By the properties of inner product space, ⟨x – ay, x – ay⟩ > 0, for all a Є F

Now, ${\langle x-ay,x-ay\rangle}$

= ${\langle x,x-ay\rangle -a\langle y,x-ay\rangle}$

= ${\langle x,x\rangle -\overline{a}\langle x,y\rangle -a\langle y,x\rangle +\left| a\right| ^{2}\langle y,y\rangle}$

By choosing a = ${\dfrac{\langle x,y\rangle }{\langle y,y\rangle }}$, we get

${\langle x,x-ay\rangle -a\langle y,x-ay\rangle}$

= ${\langle x,x\rangle -\dfrac{\langle y,x\rangle }{\langle y,y\rangle }\langle x,y\rangle -\dfrac{\langle x,y\rangle }{\langle y,y\rangle }\langle y,x\rangle +\dfrac{\langle x,y\rangle \langle y,x\rangle }{\langle y,y\rangle ^{2}}\langle y,y\rangle}$

= ${\langle x,x\rangle -\dfrac{\langle x,y\rangle \langle y,x\rangle }{\langle y,y\rangle }}$

Since ⟨x – ay, x – ay⟩ > 0

⇒ ${\langle x,x\rangle -\dfrac{\langle x,y\rangle \langle y,x\rangle }{\langle y,y\rangle }}$ > 0

⇒ ${\left( x,x\right) \langle y,y\rangle -\langle x,y\rangle \overline{\langle x,y\rangle } >0}$

⇒ ${\left( x,x\right) \langle y,y\rangle >\left| \langle x,y\rangle \right| ^{2}}$

We conclude that if y ≠ ax, for some a Є F, then |⟨x, y⟩|2 < ⟨x, x⟩ ⋅ ⟨y, y⟩. This implies

${\left| \langle x,y\rangle \right| =\sqrt{\langle x,x\rangle \cdot \langle y,y\rangle }}$

⇒ ${\left| \langle x,y\rangle \right| =\sqrt{\langle x,x\rangle }\cdot \sqrt{\langle y,y\rangle }}$

⇒ |⟨x, y⟩| ≤ ||x|| ⋅ ||y||

Thus, the vector form of the Cauchy-Schwarz inequality is proved.

Alternative Forms

Over time, the Cauchy-Schwarz inequality has been expressed in various ways:

Integral Form

Statement

If ‘a’ and ‘b’ are real numbers with a < b, and two functions ‘f and ‘g’ are integrable on [a, b], then ${\left| \int ^{b}_{a}f\left( x\right) g\left( x\right) dx\right| ^{2}\leq \left[ \int ^{b}_{a}\left( f\left( x\right) \right) ^{2}dx\right] \left[ \int ^{b}_{a}\left( g\left( x\right) \right) ^{2}dx\right]}$, where the equality holds if f(x) is proportional to g(x) almost everywhere on [a, b]

Proof

Let ‘a’ and ‘b’ be real numbers, with a < b, and f, g: [a, b] → ℝ be two functions. 

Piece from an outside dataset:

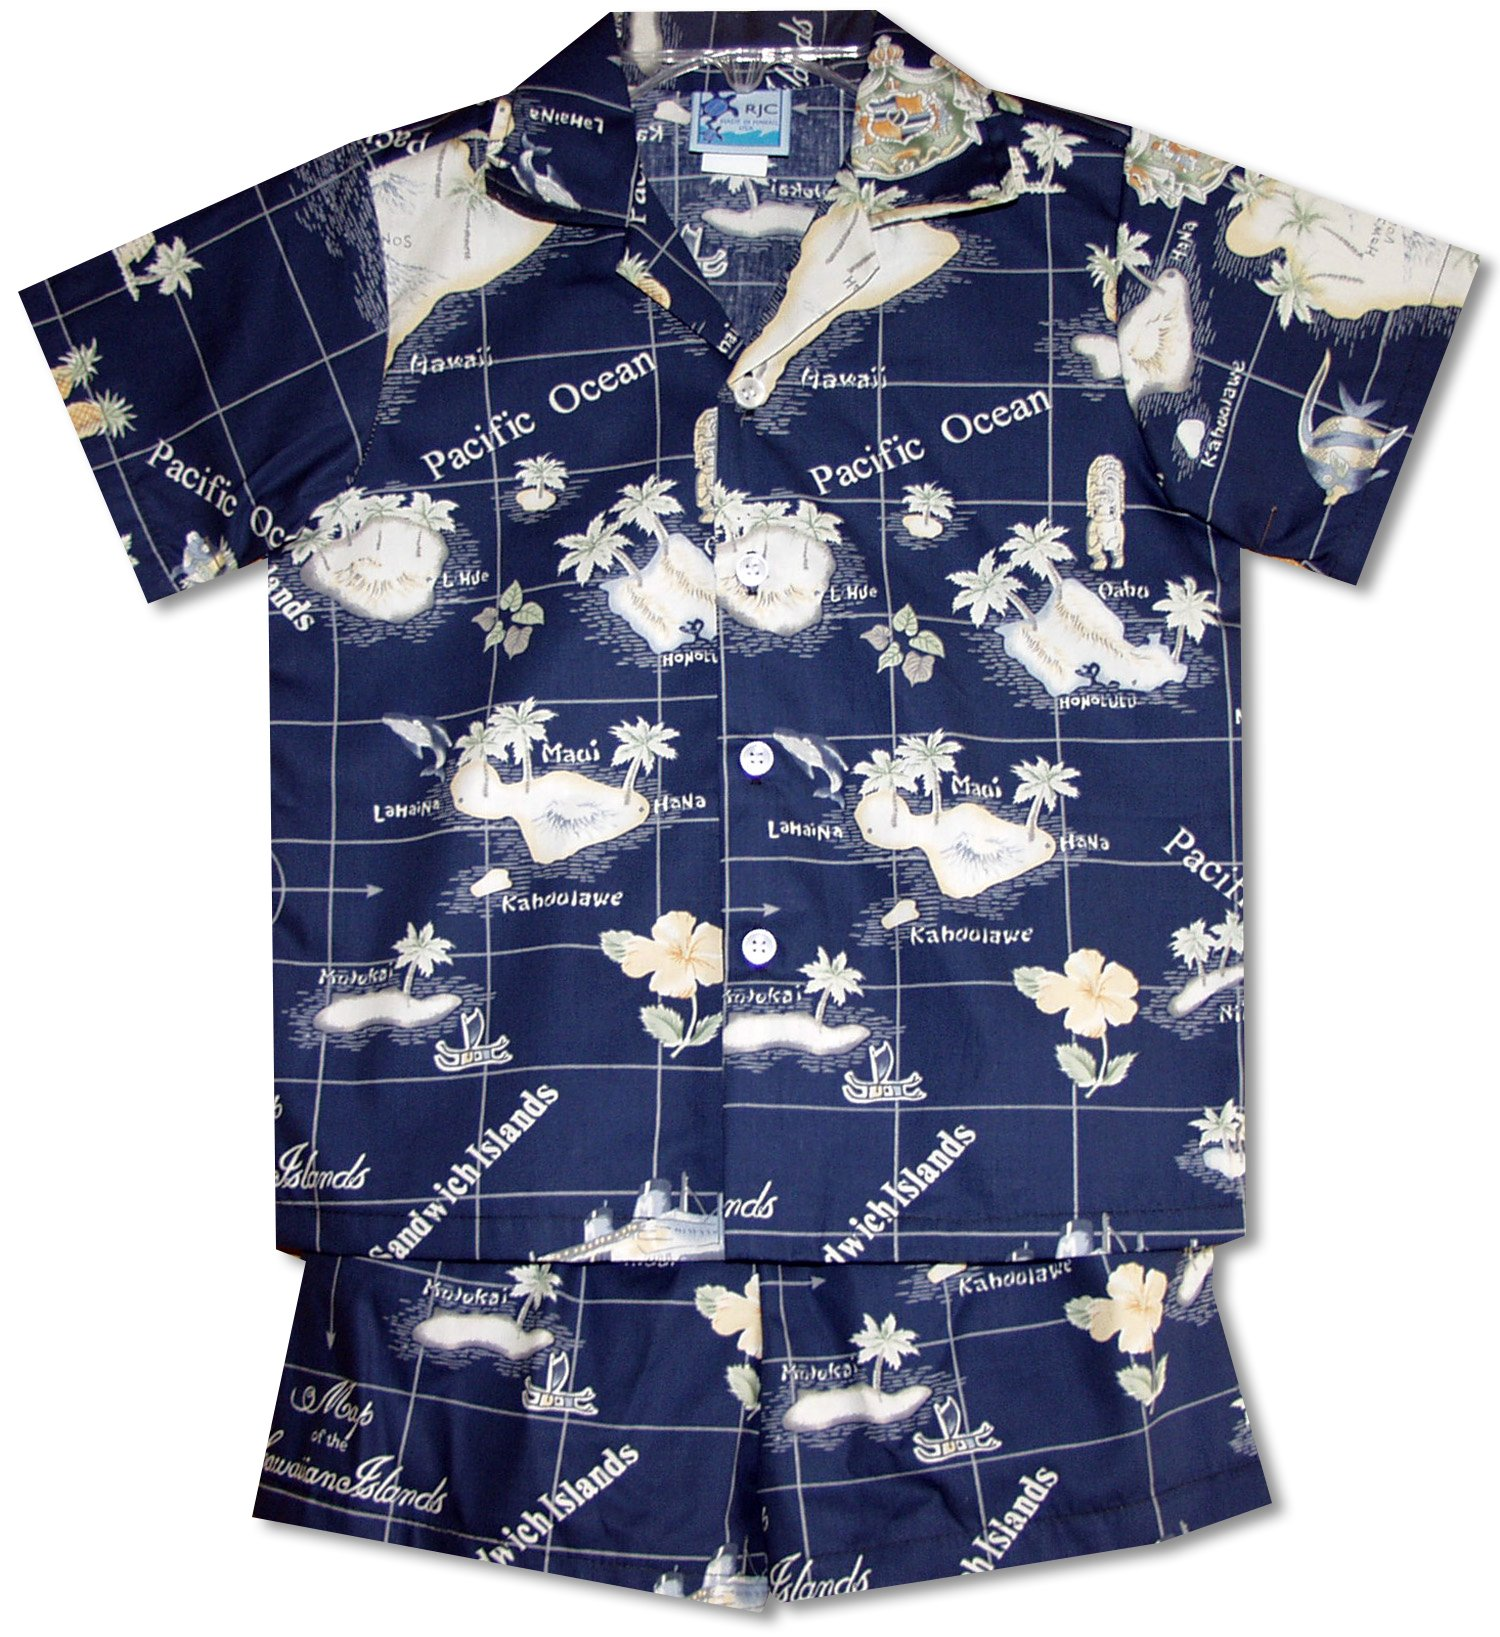 RJC Boys Hawaiian Island Paradise 2pc Set in Navy Blue - 18 Months
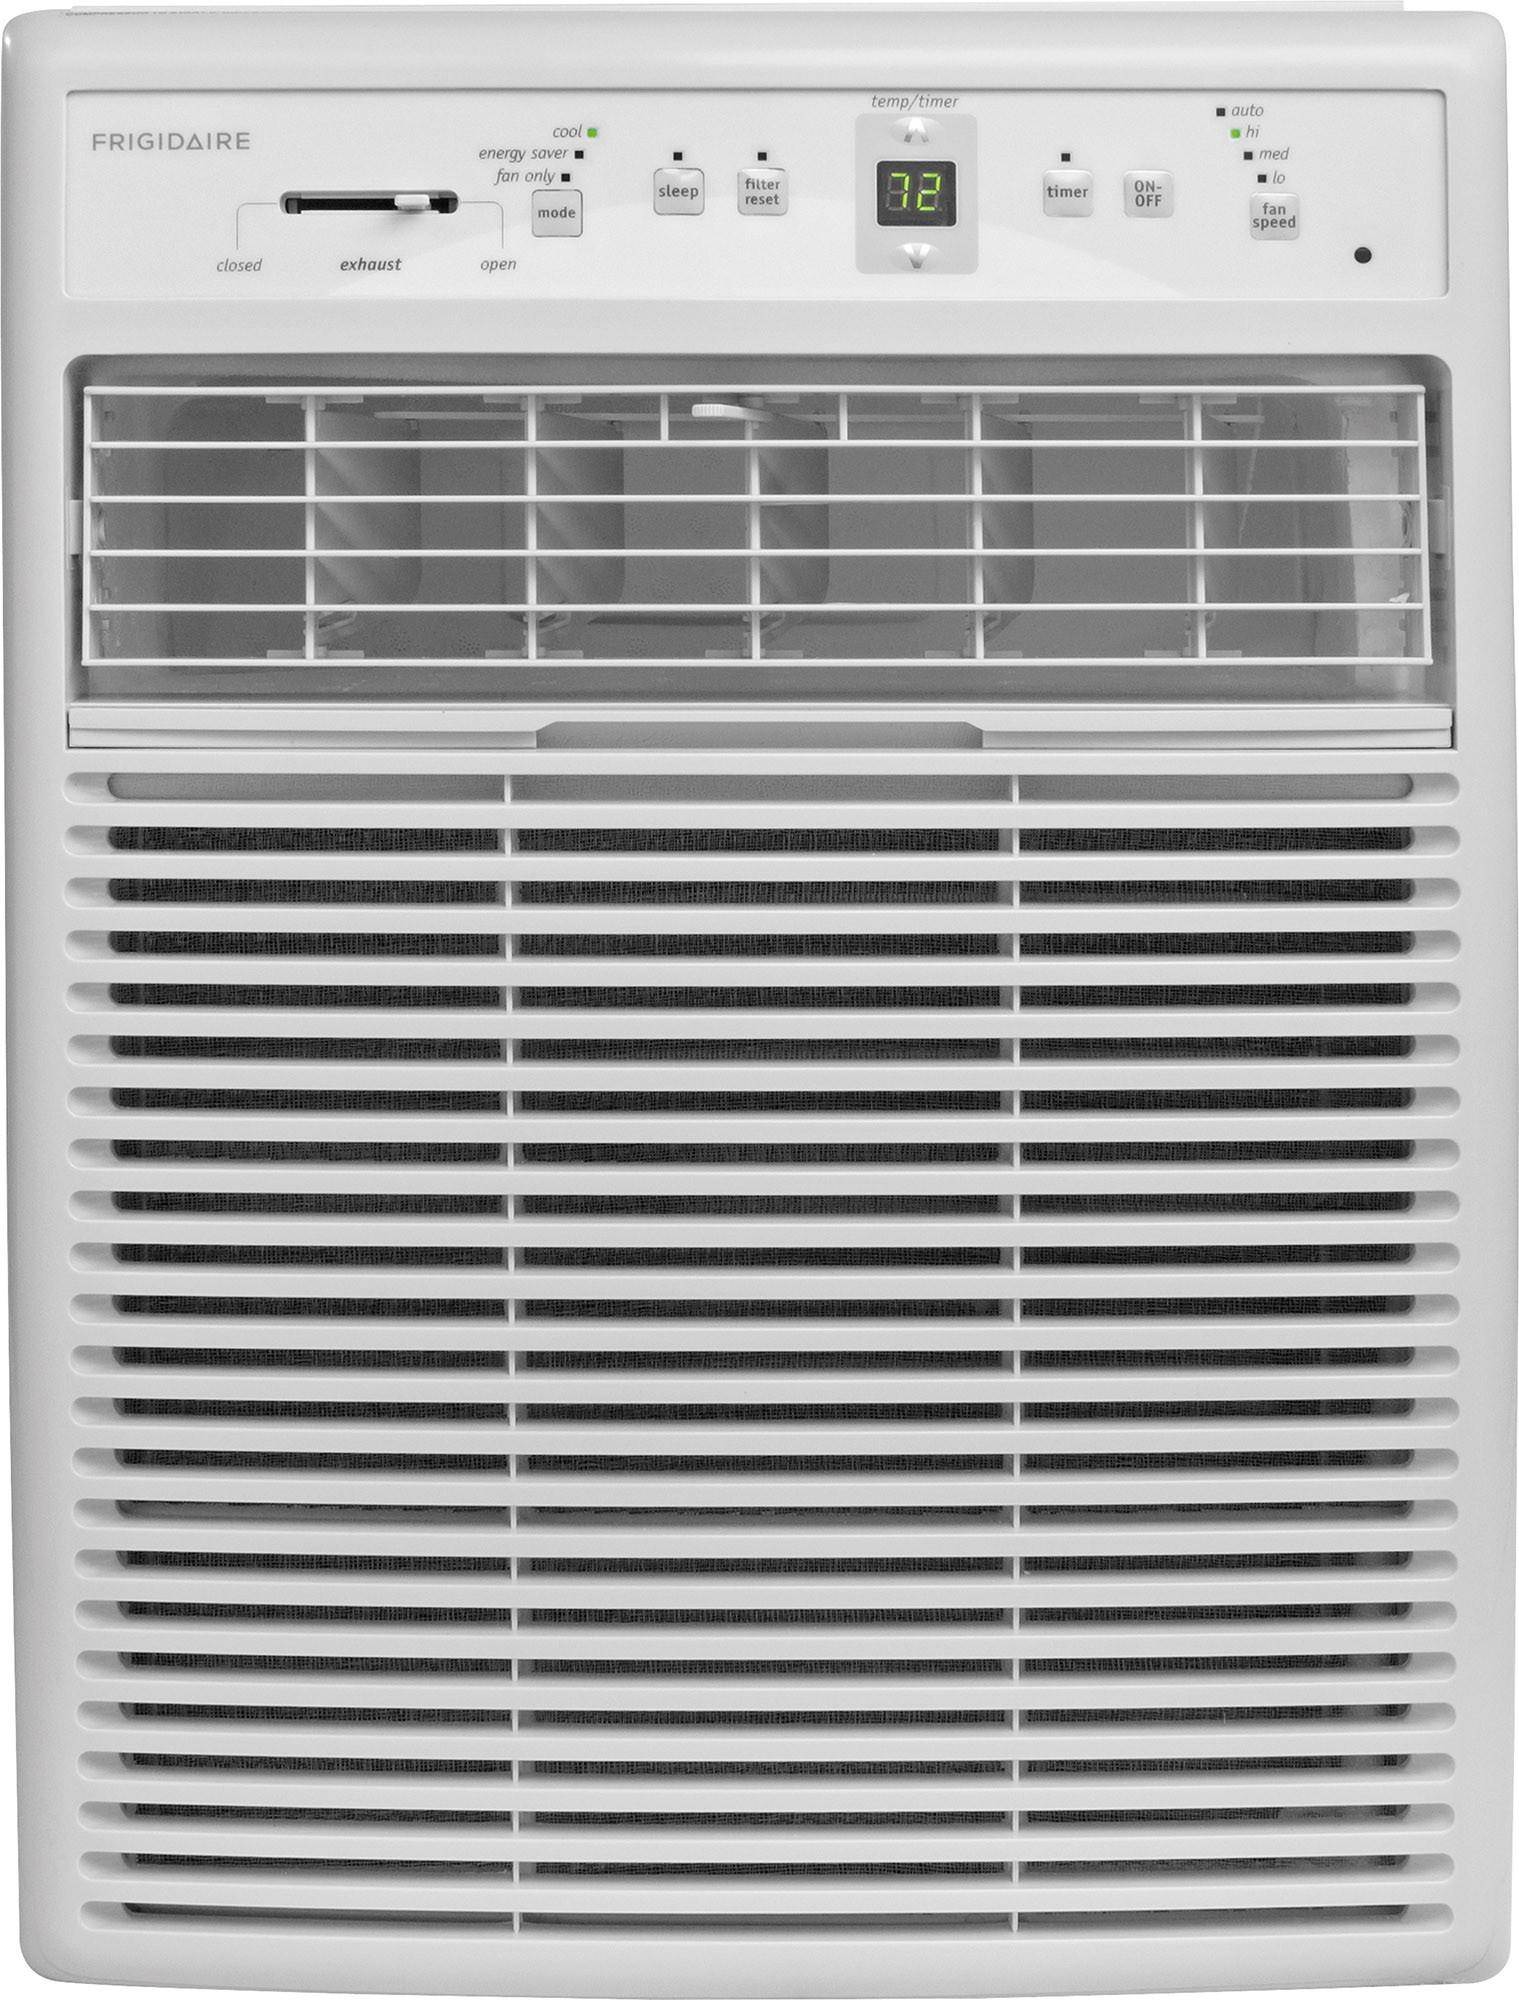 Frigidaire Ffrs0822s1 8 000 Btu Room Air Conditioner With 263 Cfm 3 Fan Speeds Effortless Temperature Control 24 Hour Timer Energy Saver Mode Effortless Re Window Air Conditioner Casement Window Air Conditioner Casement Air Conditioner

We assume neither ‘f’ nor ‘g’ is identically zero on [a, b] and ‘f,’ ‘g’ are continuous on [a, b]. 

Now, let us define the function F: ℝ → ℝ by F(t) = ${\int ^{b}_{a}\left( tf\left( x\right) +g\left( x\right) \right) ^{2}dx}$ for any t Є ℝ. 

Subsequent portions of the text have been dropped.